Instructions to follow |
Give back every line of the material exactly. Skip the pictures.

Collected material |
● ● ●

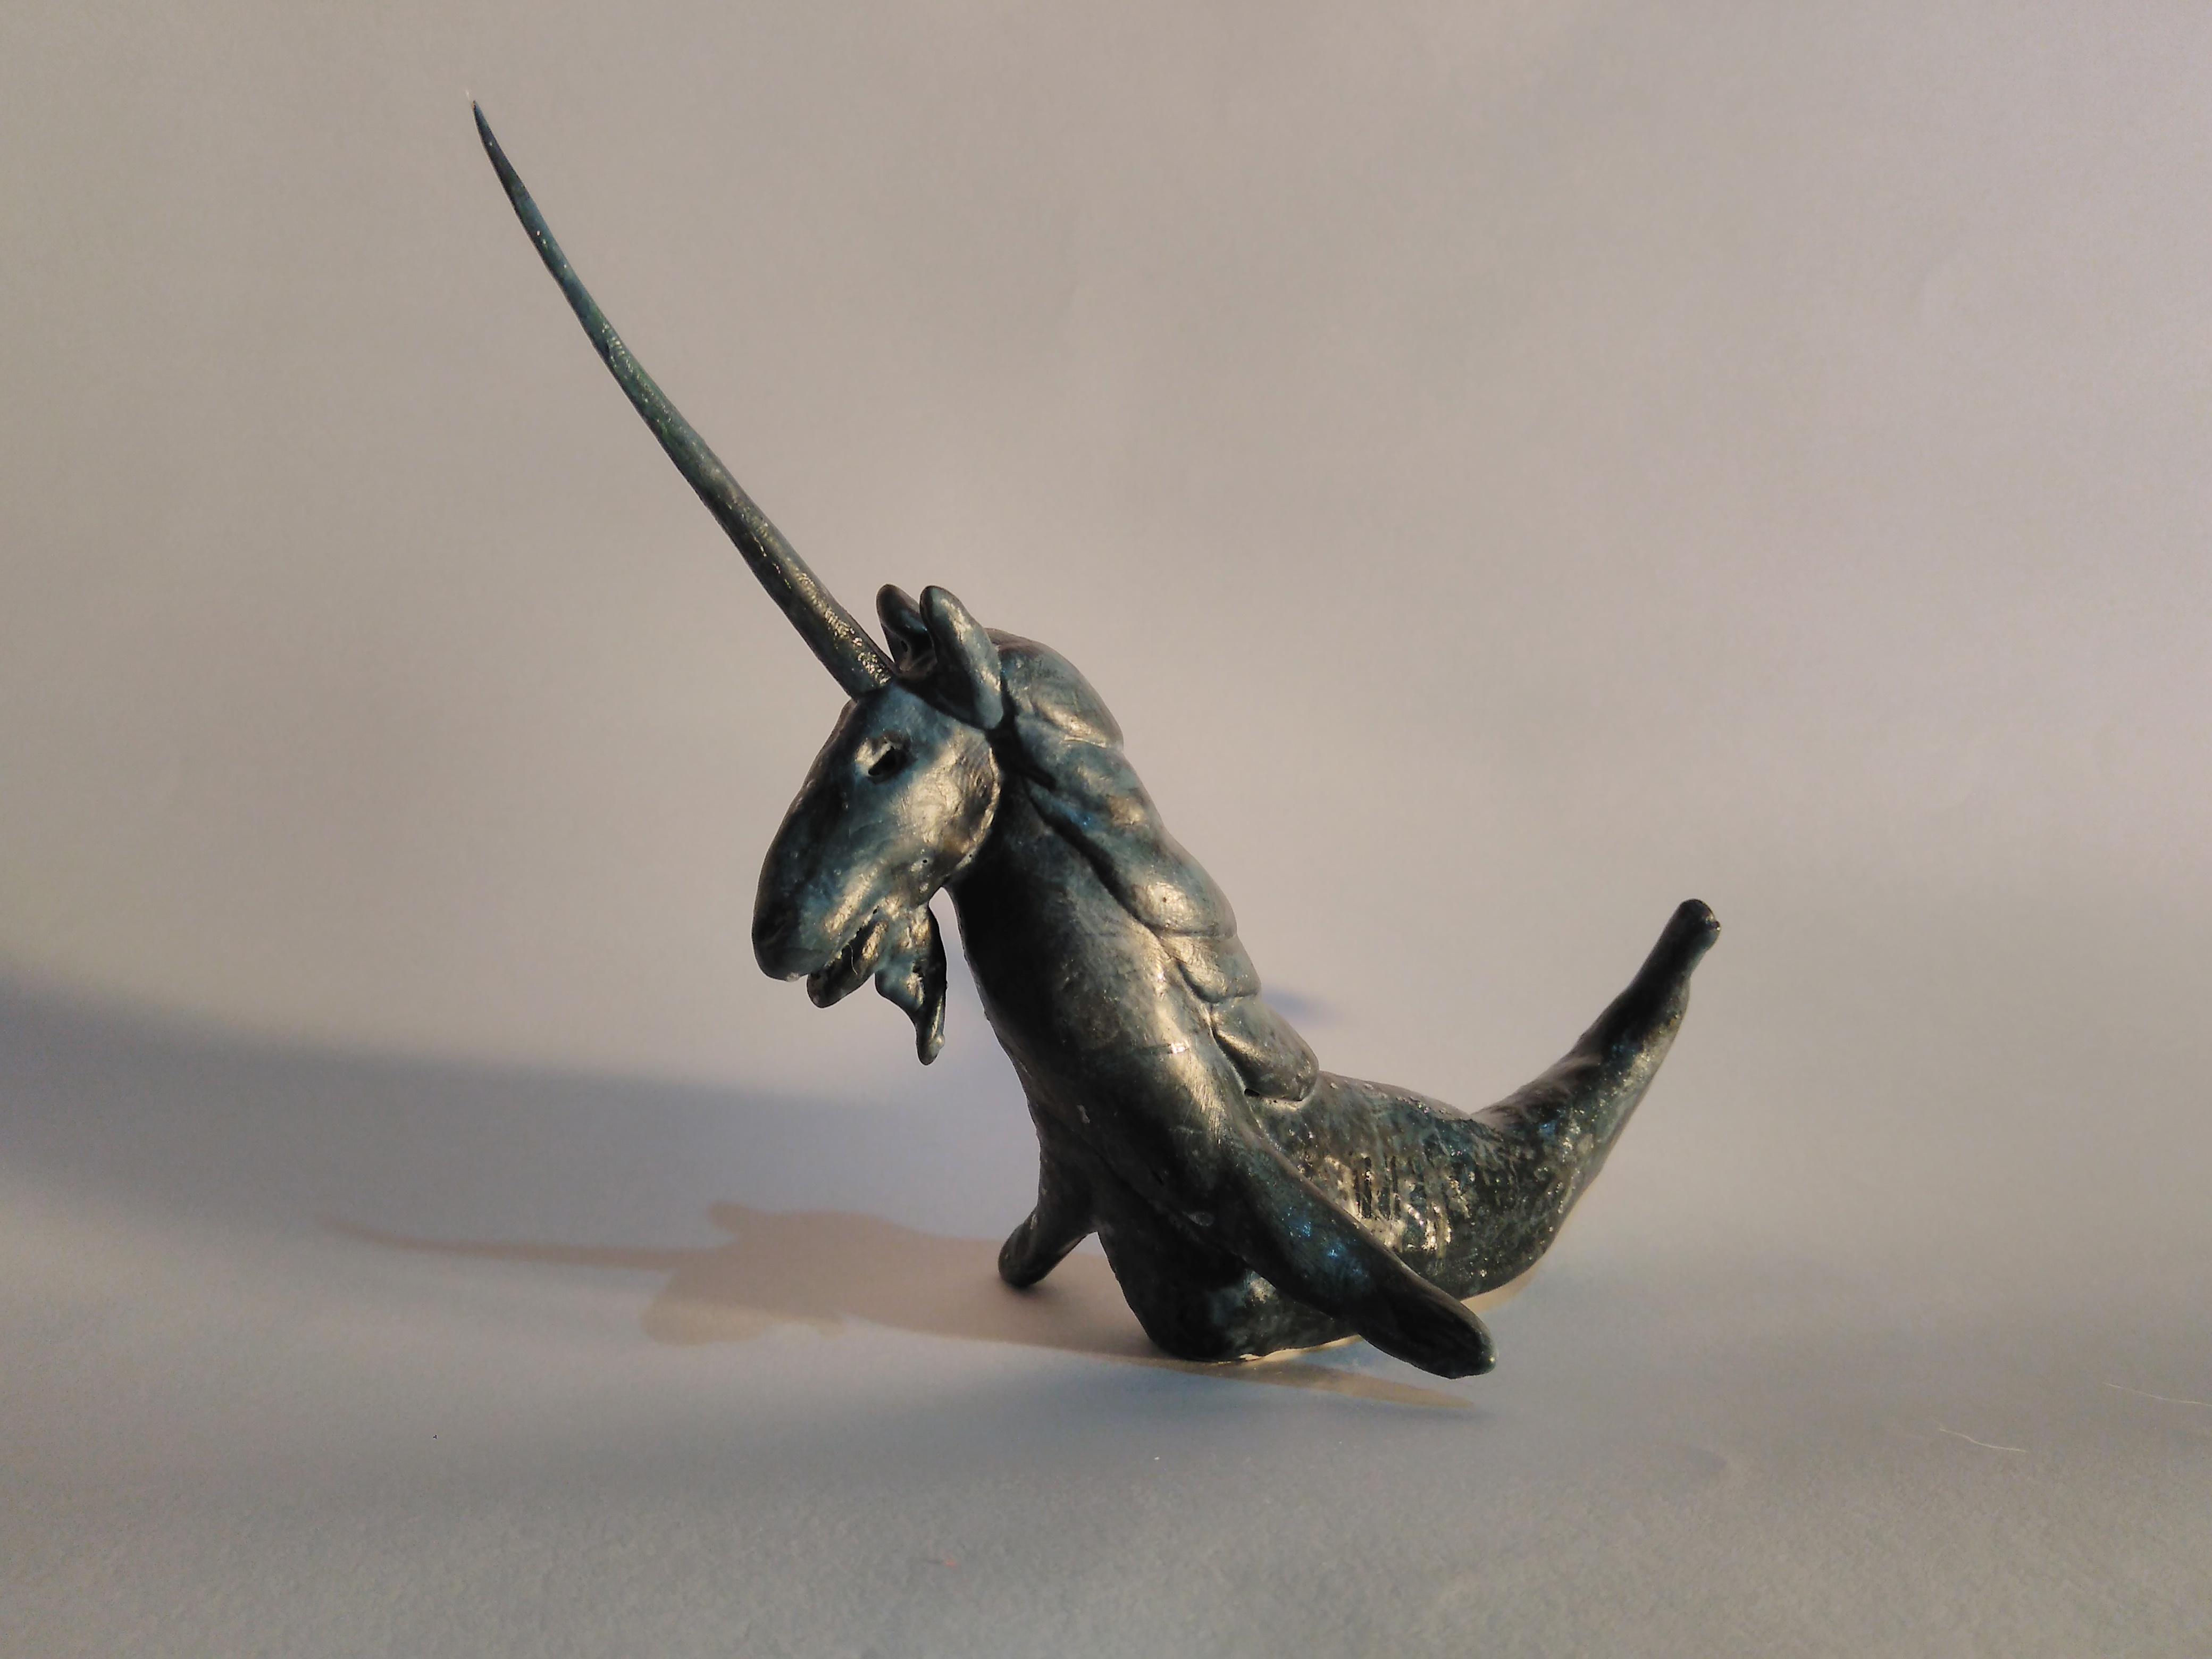 Personagem do Bosch feito em toyart: um cavalo preto com chifre e uma barbicha e com rabo de peixe v
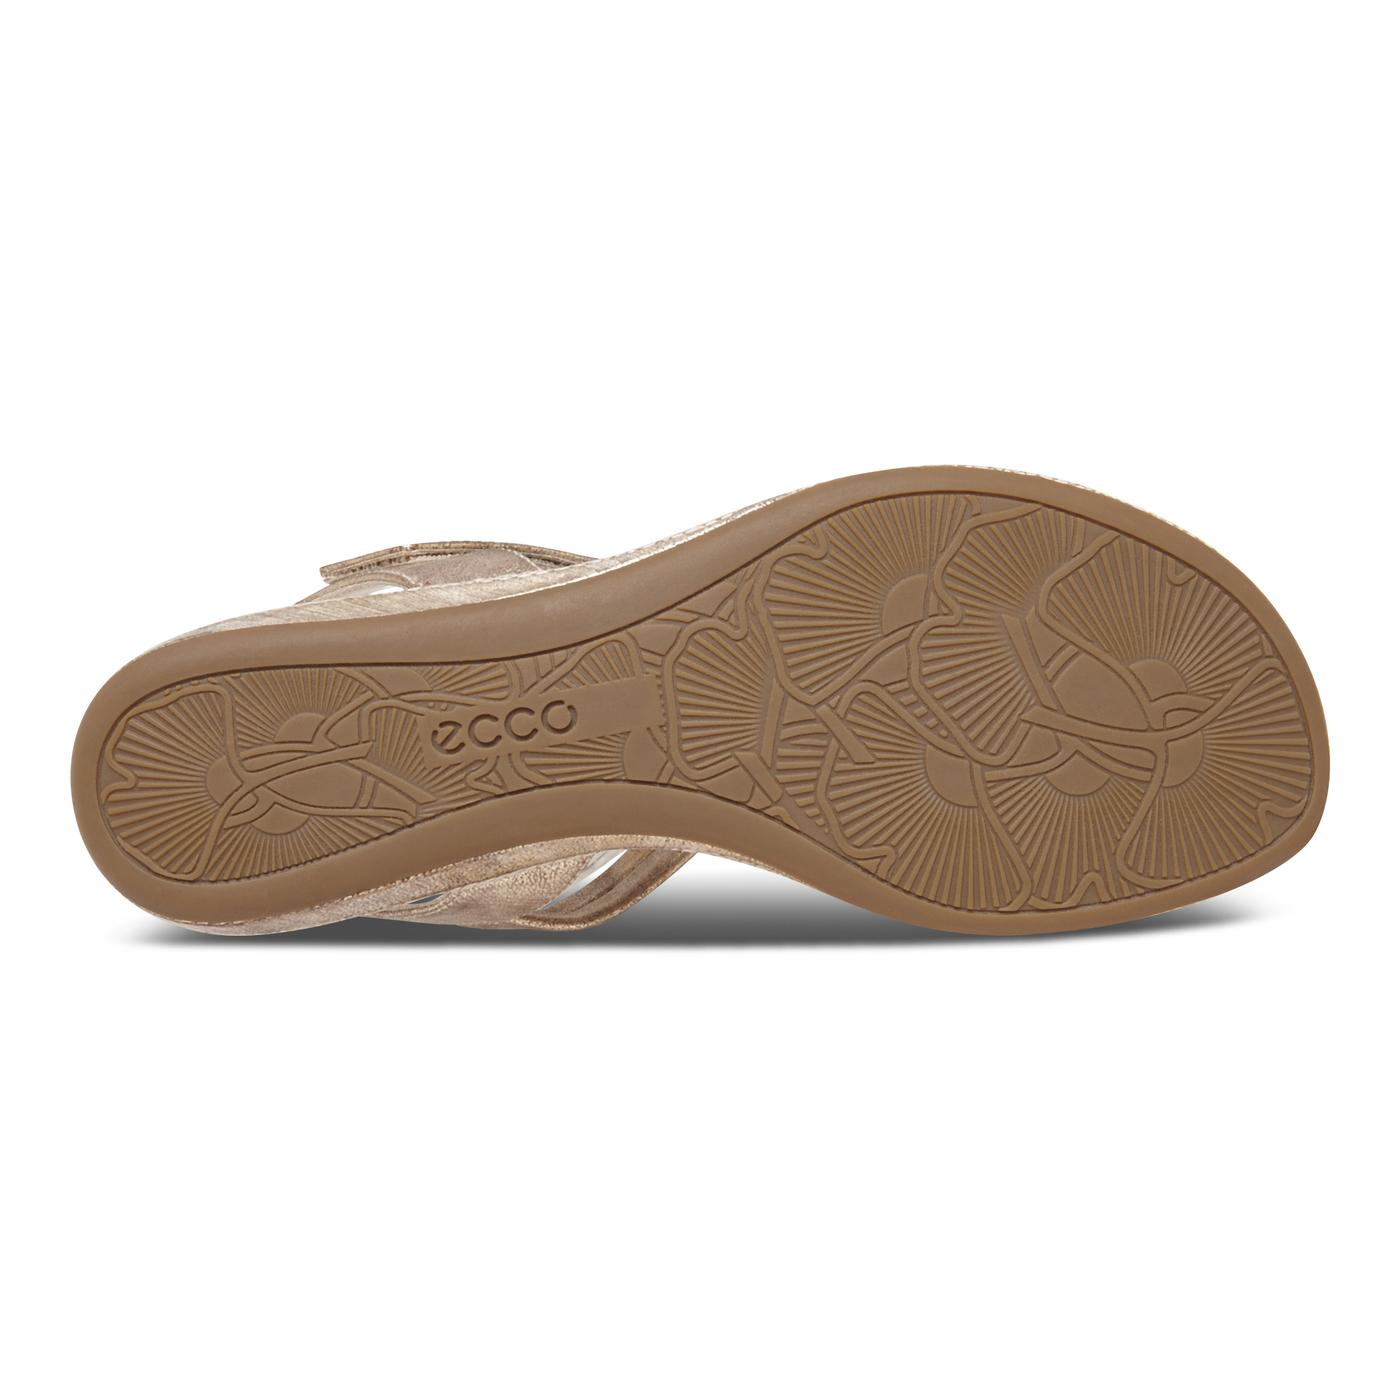 0b3c97624ebe ECCO Bouillon Sandal 3.0
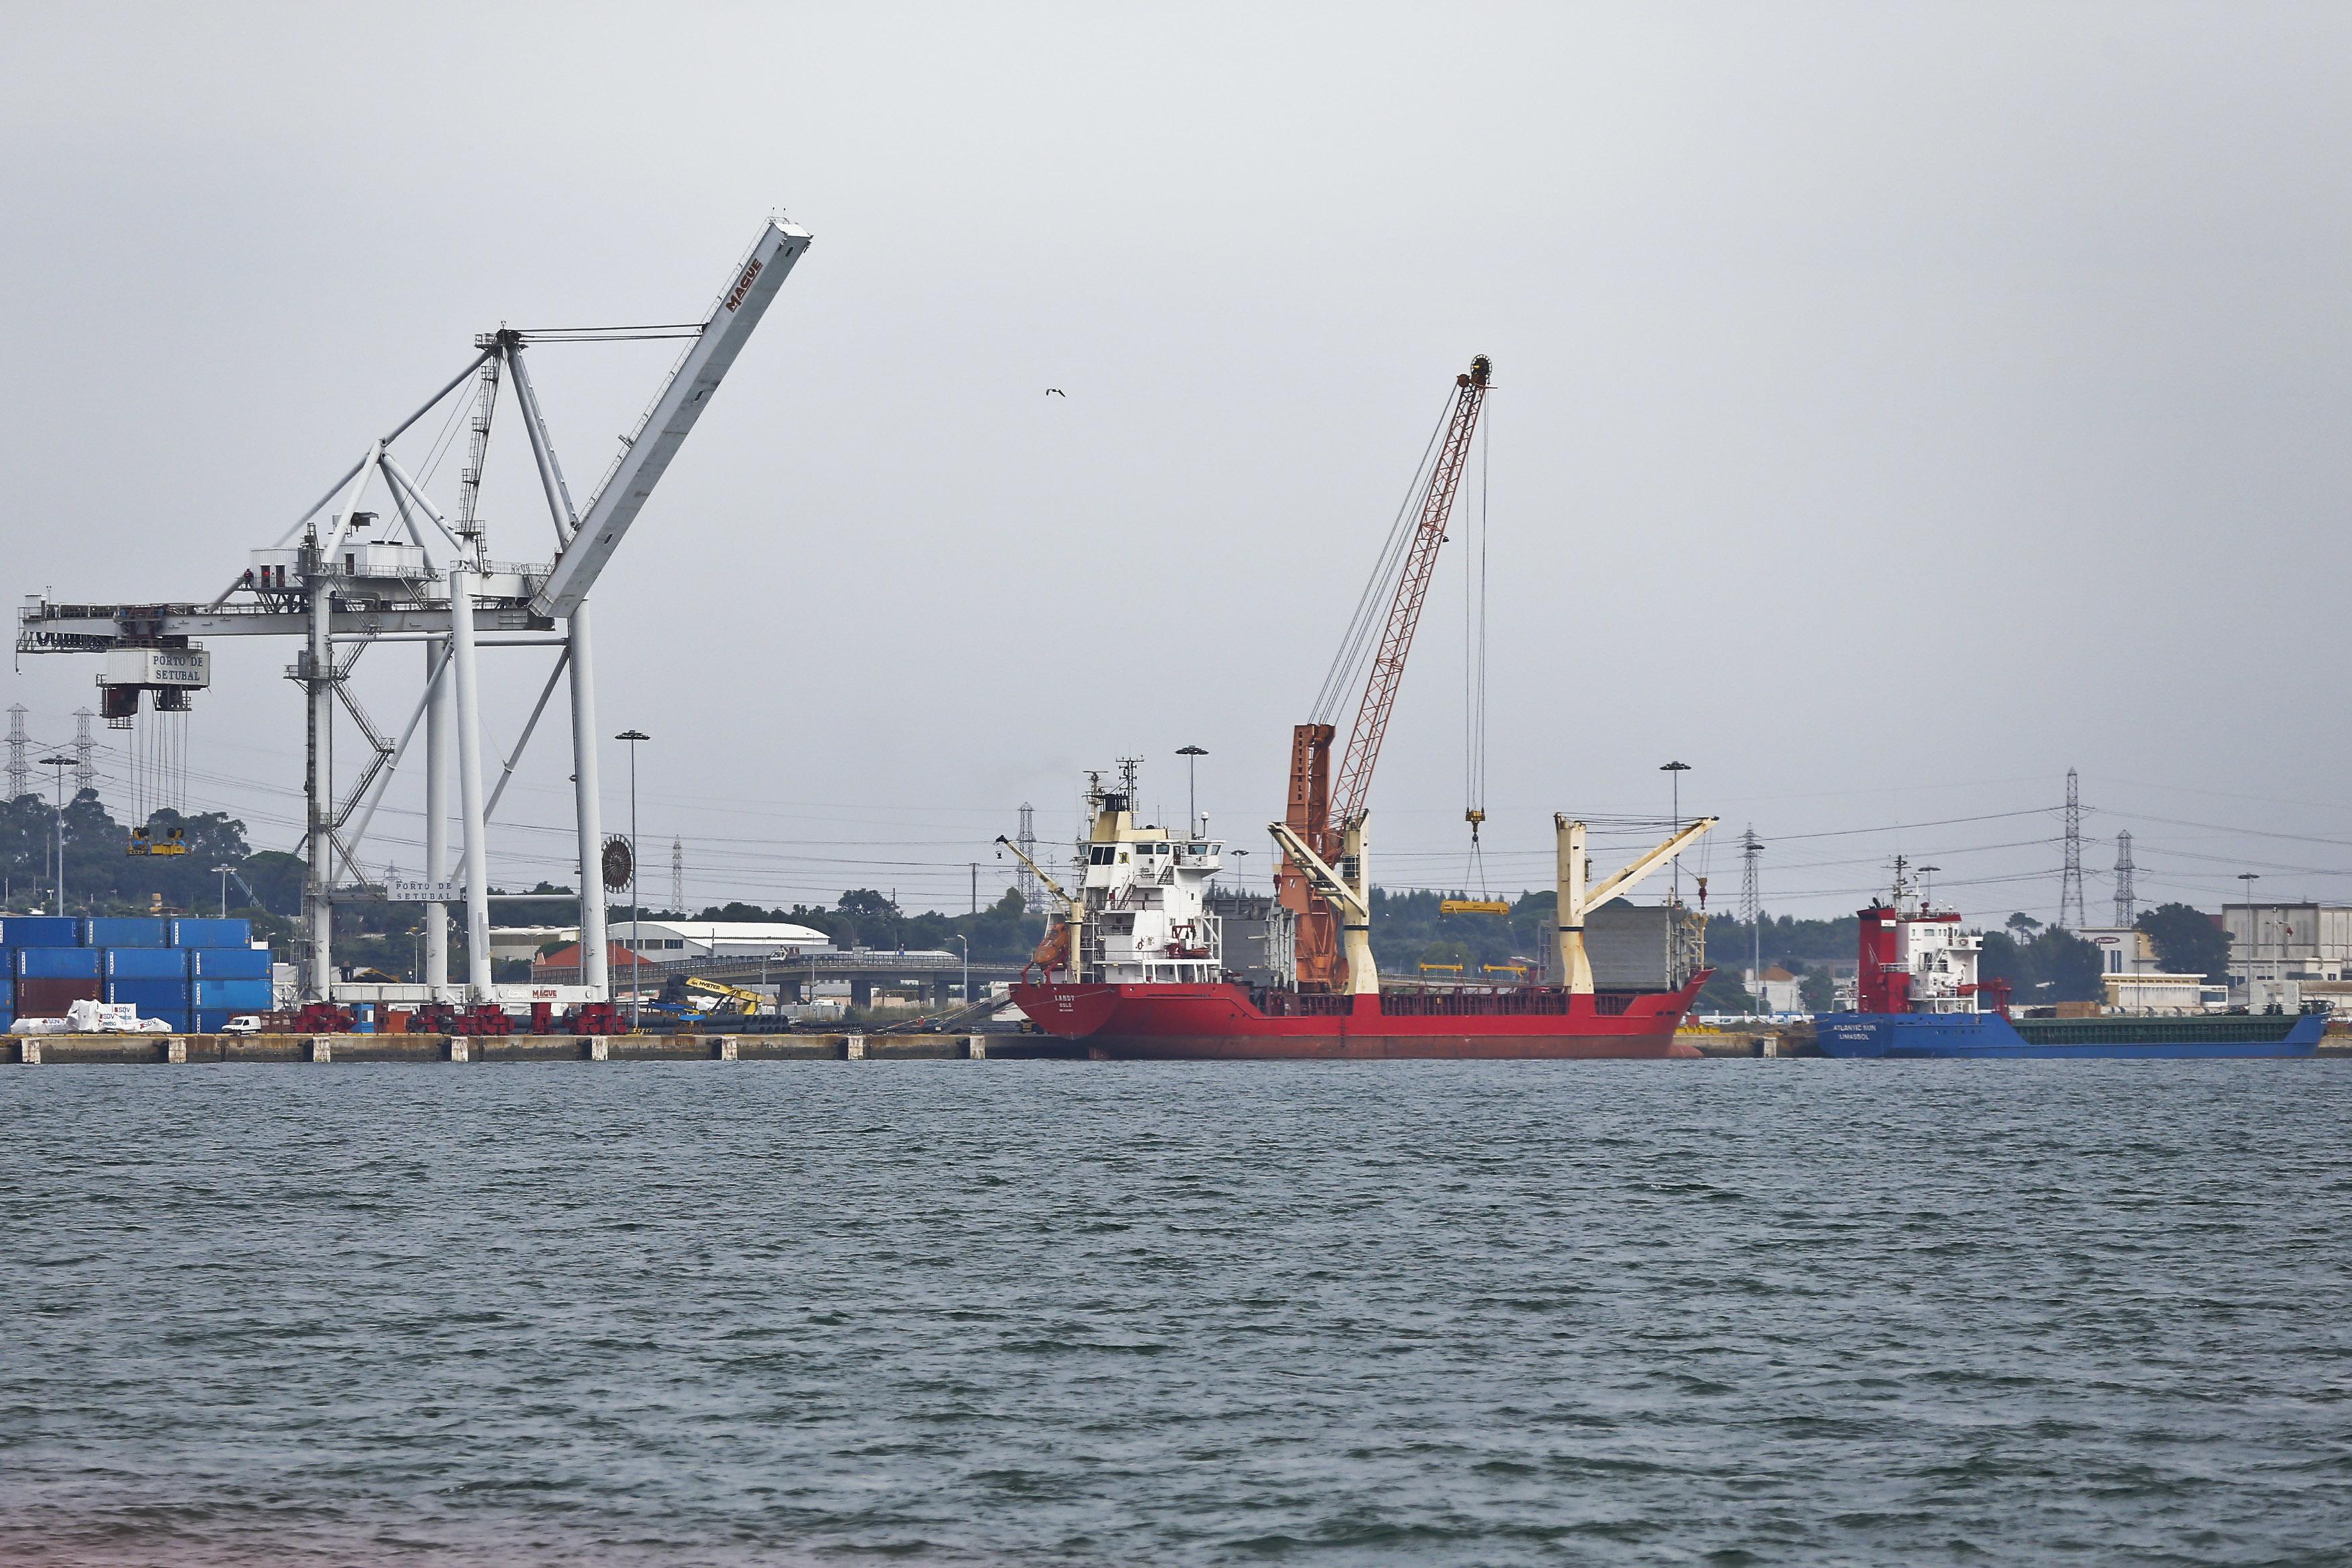 Moçambique ratifica acordo com Portugal sobre transportes marítimos e portos

● ● ●

Solution to this exercise |
 Personagem do Bosch feito em toyart: um cavalo preto com chifre e uma barbicha e com rabo de peixe v
 0b3c97624ebe ECCO Bouillon Sandal 3.0
 Moçambique ratifica acordo com Portugal sobre transportes marítimos e portos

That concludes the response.